Authors: C. Rochmann, M. Génin, M. Blanchon, N. Lambert, L. Deplante, W. Heine, S.Kabadi
Date: 7–11 February 2022
DOI: doi.org/10.1016/j.ymgme.2021.11.277
CONFERENCE/VALUE IN HEALTH INFO:
N°262, 2022-02, Presented at WORLD Symposium 2022, San Diego, CA, USA
ABSTRACT
OBJECTIVES:
GD3 is a progressive, lysosomal storage disorder (LSD), distinguished from GD1 by early heterogenous neurological manifestations. Neurological presentation in GD1 patients is not well understood. Differentiation of GD3 from GD1 subtypes is challenging due to absence of specific ICD-10 codes; treatment plan specific for GD subtypes; and lower prevalence.
PATIENT & METHODS:
The objective was to develop a GD3-specific algorithm to distinguish GD subtypes. A retrospective agglomerative hierarchical unsupervised clustering was conducted using Optum’s de-identified Market Clarity Database (1-January-2007 to 31-March-2020) to identify GD3 patients using clinical characteristics from physicians’ notes, diagnoses, treatments, and provider specialty.
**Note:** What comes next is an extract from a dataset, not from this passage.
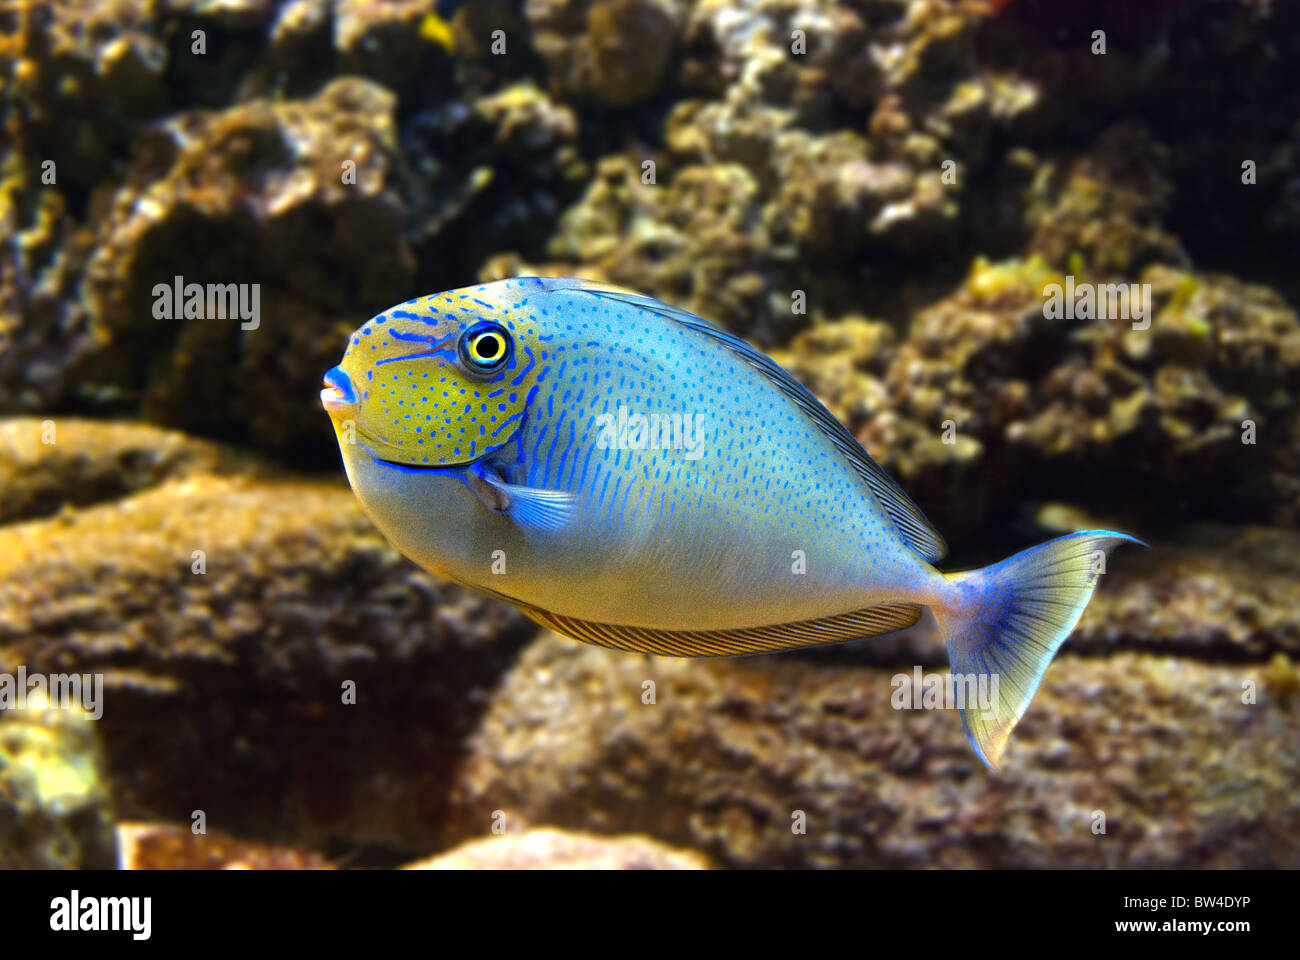 Blue fish in aquarium Stock Photo

Patients with ,!’.2 ICD-10 codes (E7522) for GD and/or ,!’.1 treatment for GD were included; those with other LSDs were excluded. Patients were characterized by clinical characteristics such as neurological signs, thrombocytopenia, splenomegaly, or bone density disorders.
RESULTS:
Early occurrence of age-dependent neurologic signs (typical of GD3) and GD3-specific neurological symptoms were used to differentiate GD3 patients from GD1. Clusters were described using clustering features and additional features such as hospital visits or demographics to have broader description of each subpopulation. Ten clusters were identified, including one homogeneous cluster of suspected GD3 patients (n=33): they experienced severe disease with many GD-specific symptoms, accumulated severe, early, and atypical neurological signs including eye movement disorders, but few age-dependent symptoms. A supplemental analysis identified GD3 patients (n=13) outside of this specific cluster, expressing either ‘Type3’ in provider’s notes, GD3-specific neurological symptoms, or early occurrence of age-dependent neurological signs.
CONCLUSIONS:
ln absence of GD-subtype specific ICD-10 codes, clustering analysis identified one cluster of GD3 patients based on clinical characteristics. The identified cluster included 7 of 8 patients with GD3 mentioned in their provider’s notes, thereby supporting correct identification of GD3 patients using clustering analysis. Overall, the proportion of suspected GD3 patients identified is congruence with reported GD3 prevalence (~5% of overall GD population).